Do you see that? You can swear that you've
actually seen me seal it this time, in case anything of the
kind should occur again. The wax fastens the strings to the
lid, which cannot possibly be lifted, even enough to get in
one finger. You're quite satisfied, aren't you? Yes.
Besides, I shall lock the cupboard and keep the key in my
pocket hereafter.
Now we can take the lantern and go upstairs.
Do you know? I'm very much inclined to agree with your
theory that the wind blew it against the house. I'll go
ahead, for I know the stairs; just hold the lantern near my
feet as we go up. How the wind howls and whistles! Did you
feel the sand on the floor under your shoes as we crossed
the hall?
Yes--this is the door of the best bedroom.
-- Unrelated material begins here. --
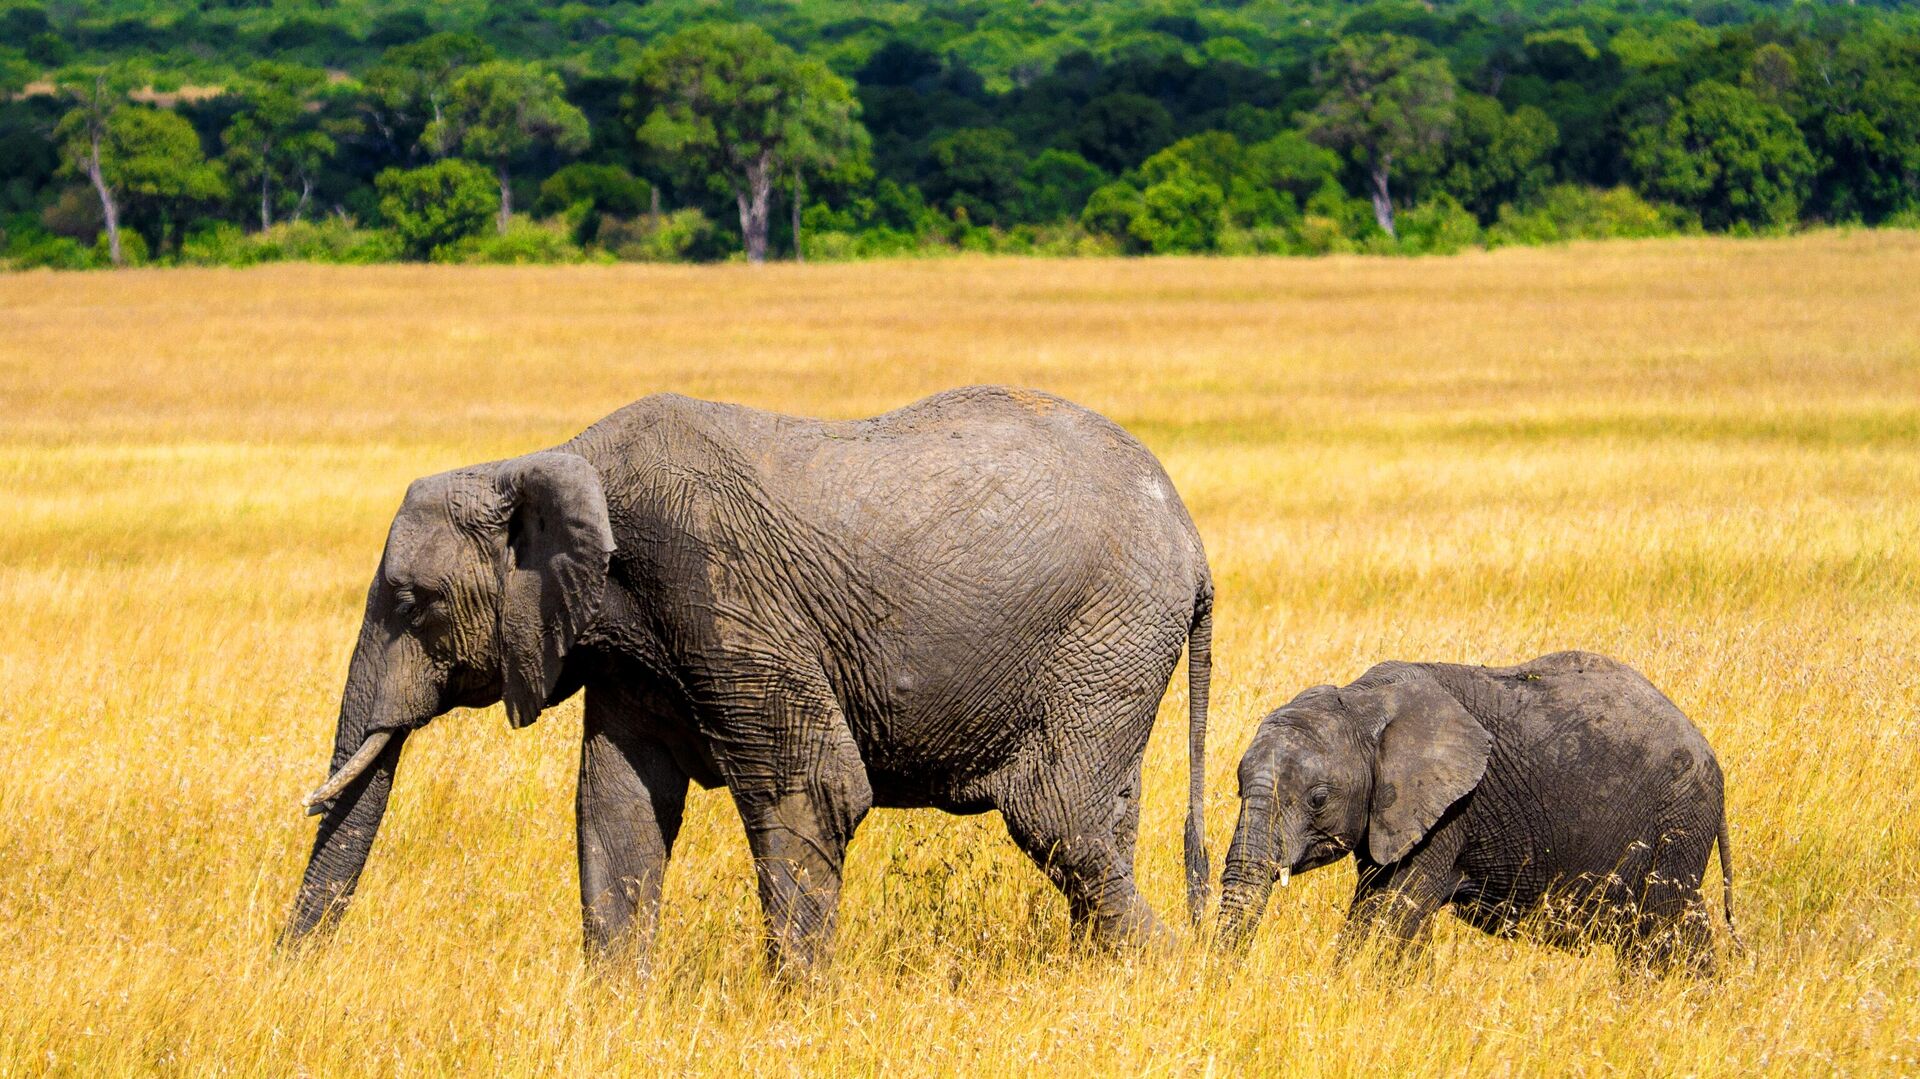 Elephants in the Masai Mara National Reserve in Kenya - 1920, 01/19/2022

Hold up the lantern, please. This side, by the head of the
bed. I left the cupboard open when I got the box. Isn't it
queer how the faint odour of women's dresses will hang about
an old closet for years? This is the shelf. You've seen me
set the box there, and now you see me turn the key and put
it into my pocket. So that's done!
Goodnight. Are you sure you're quite
comfortable? It's not much of a room, but I dare say you
would as soon sleep here as upstairs tonight. If you want
anything, sing out; there's only a lath and plaster
partition between us. There's not so much wind on this side
by half. There's the Hollands on the table, if you'll have
one more nightcap. No? Well, do as you please. Goodnight
again, and don't dream about that thing, if you can.